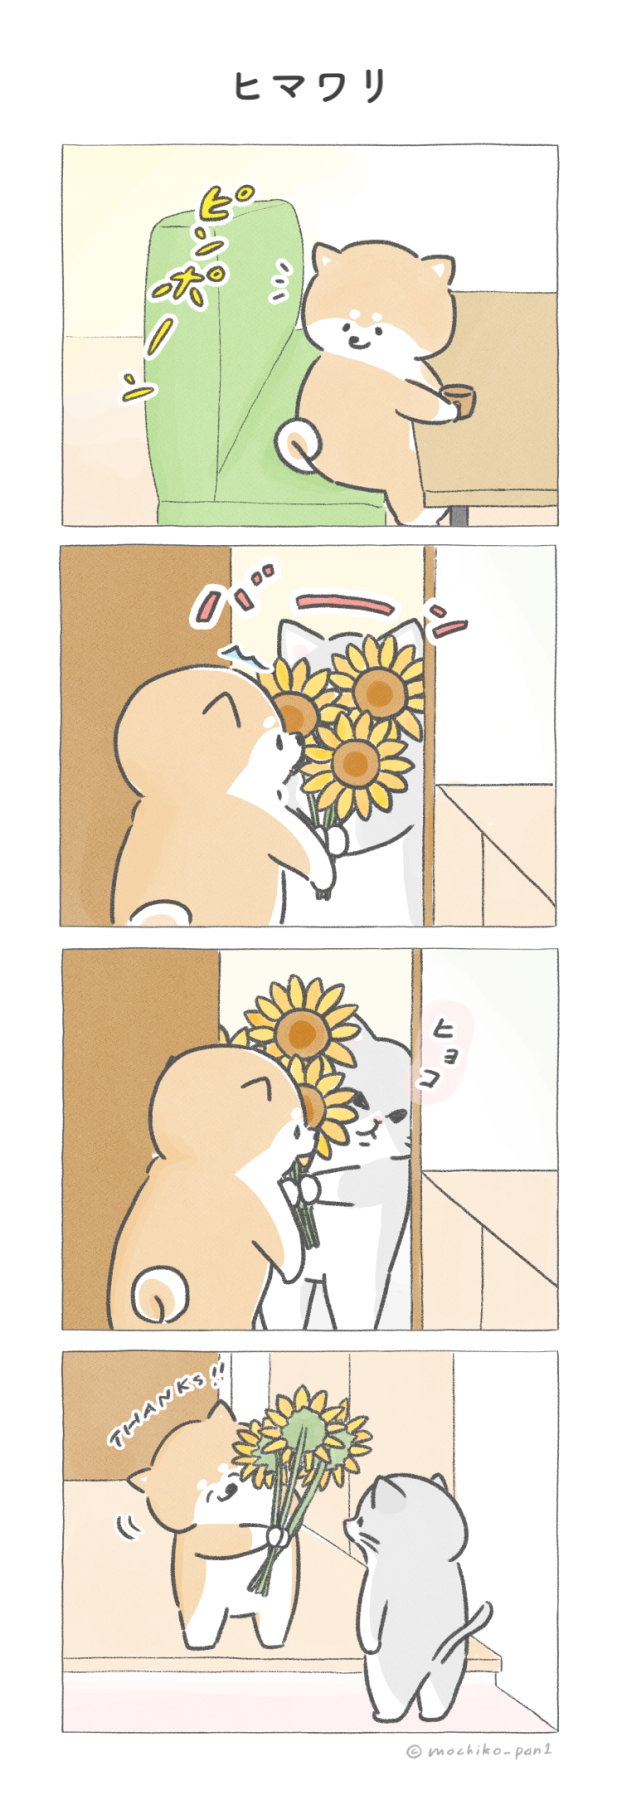 【四コマ漫画】vol.79 「ヒマワリ」｜おはよう！おしばと愉快な仲間たち
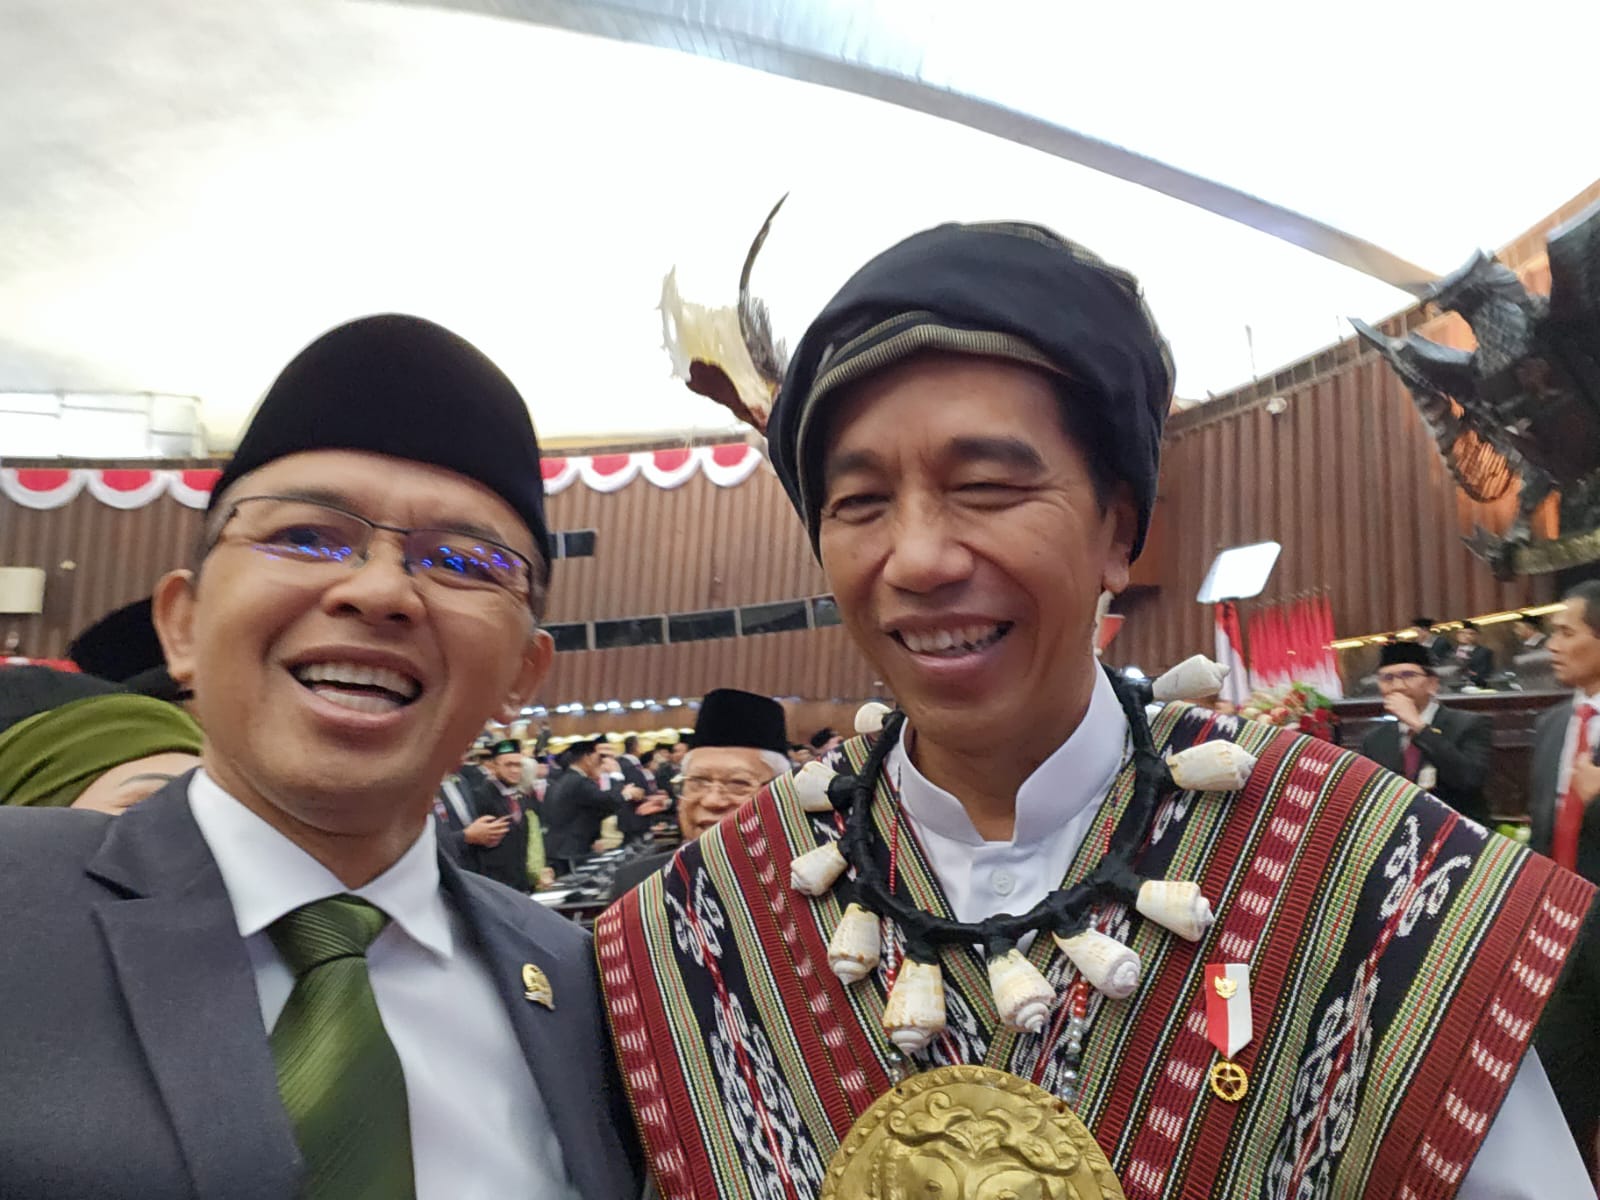 Pidato Jokowi Soal Lunturnya Nilai Budaya Santun, Maman: Topik yang Perlu Direhabilitasi
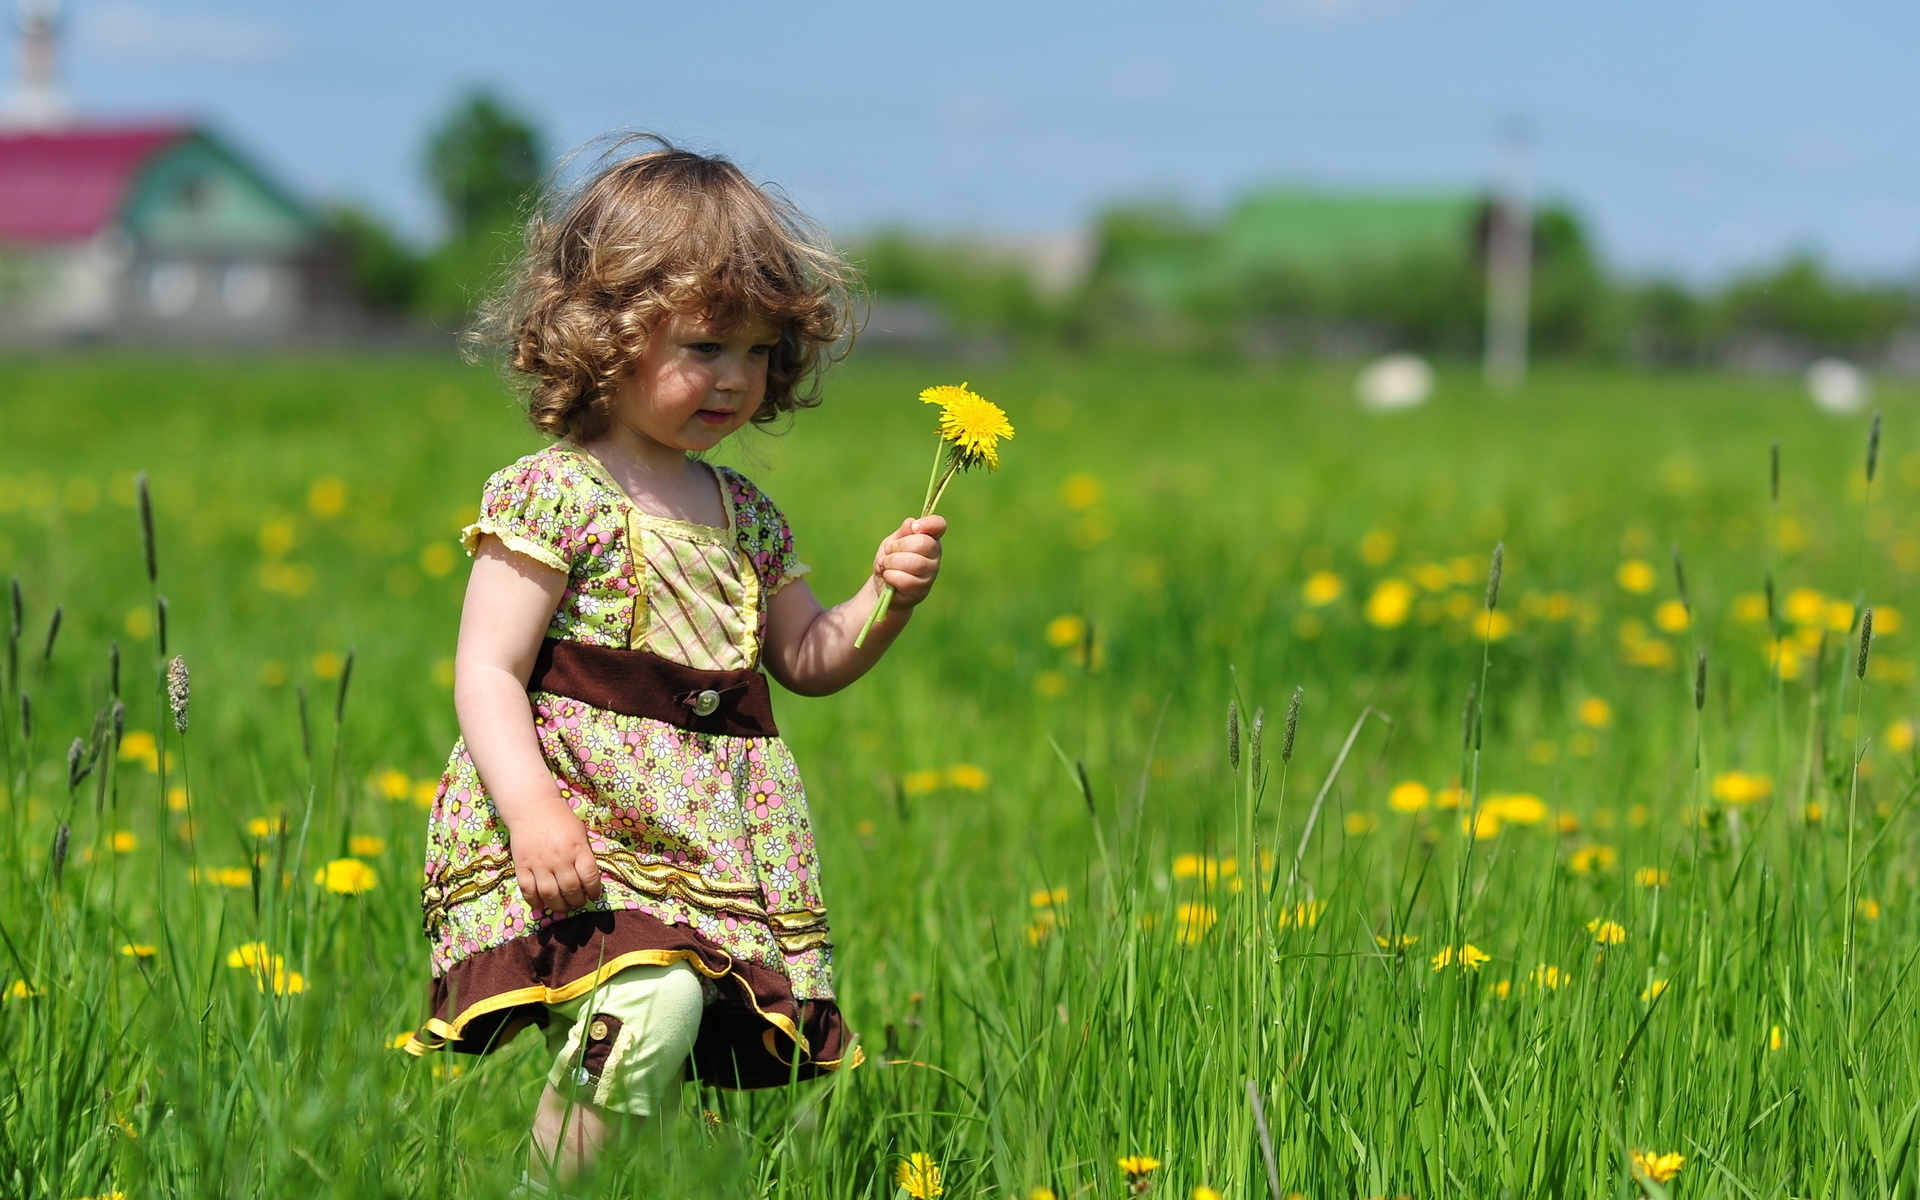 Картинки Ребенок, девушка, трава, поле, цветы, прогулка, платье, волосы фото и обои на рабочий стол
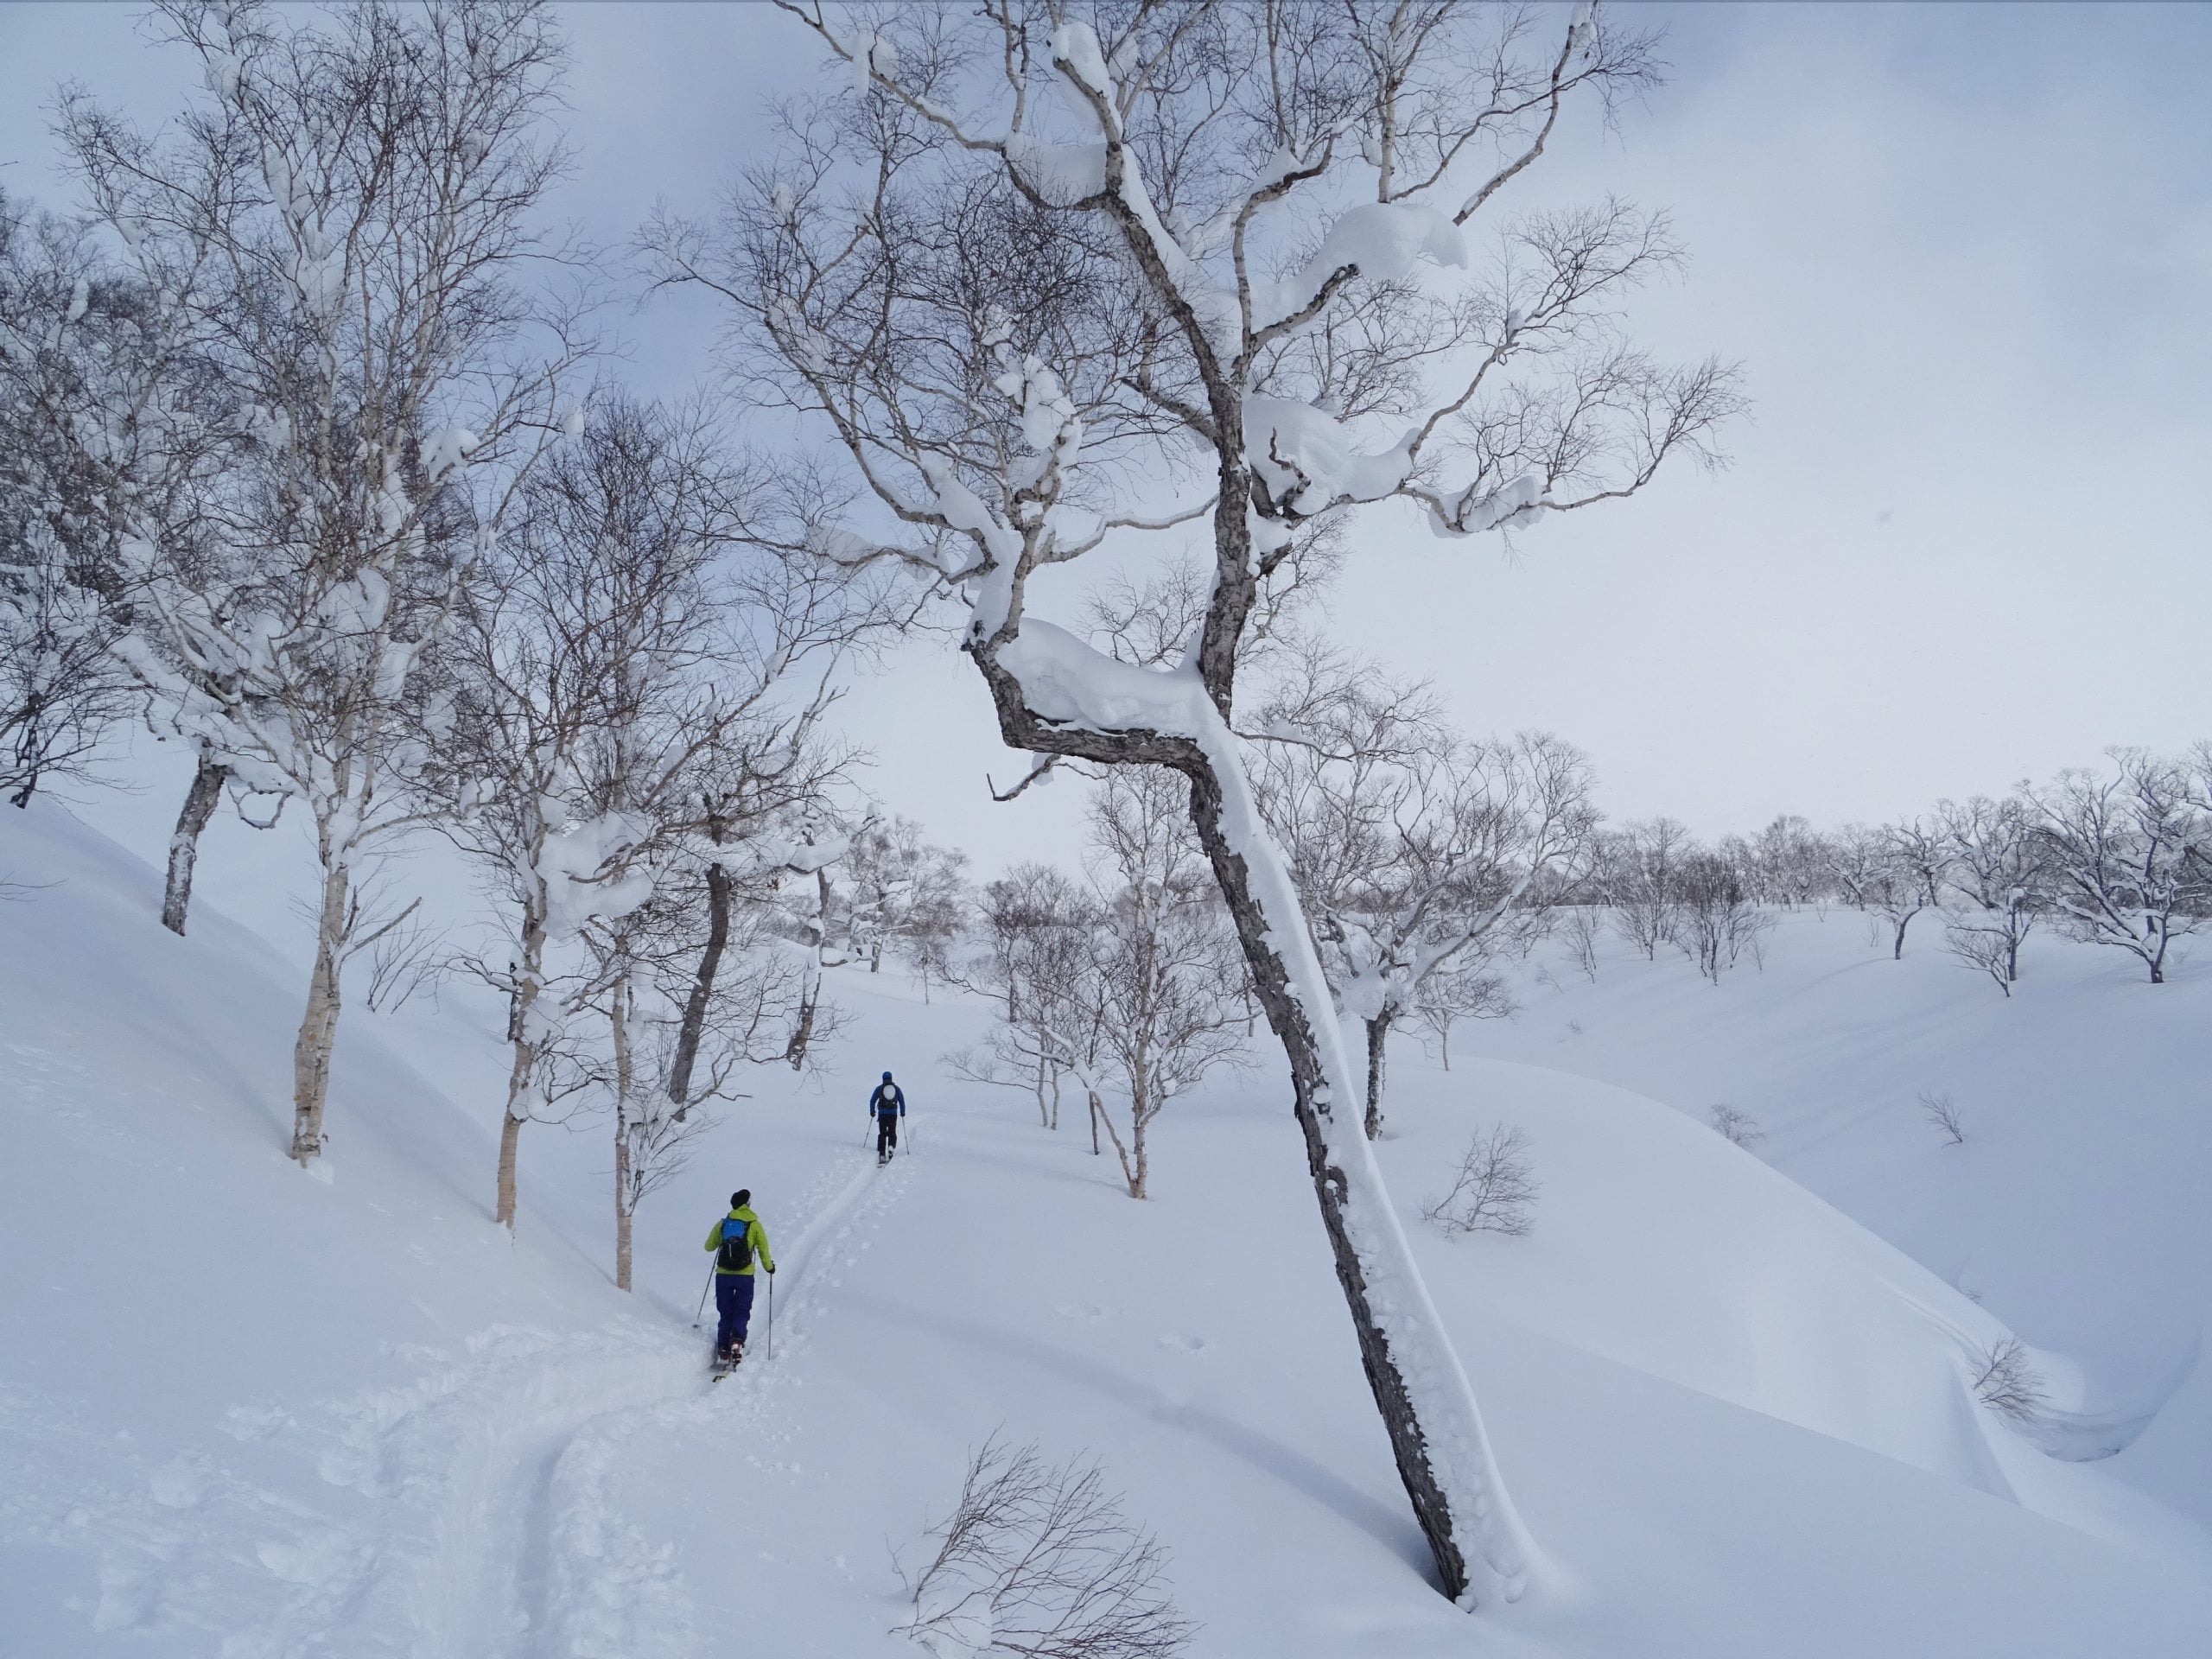 Japón, esquí de montaña en la tierra del sol naciente

----------------------------------------

__ACTIVITY__: Exactly the lines from the one containing "Pidato Jokowi Soal" through the end of the data above: repeat those, both ends included, and nothing else. Skip the pictures.

__ANSWER BELOW__:
 Pidato Jokowi Soal Lunturnya Nilai Budaya Santun, Maman: Topik yang Perlu Direhabilitasi
 Картинки Ребенок, девушка, трава, поле, цветы, прогулка, платье, волосы фото и обои на рабочий стол
 Japón, esquí de montaña en la tierra del sol naciente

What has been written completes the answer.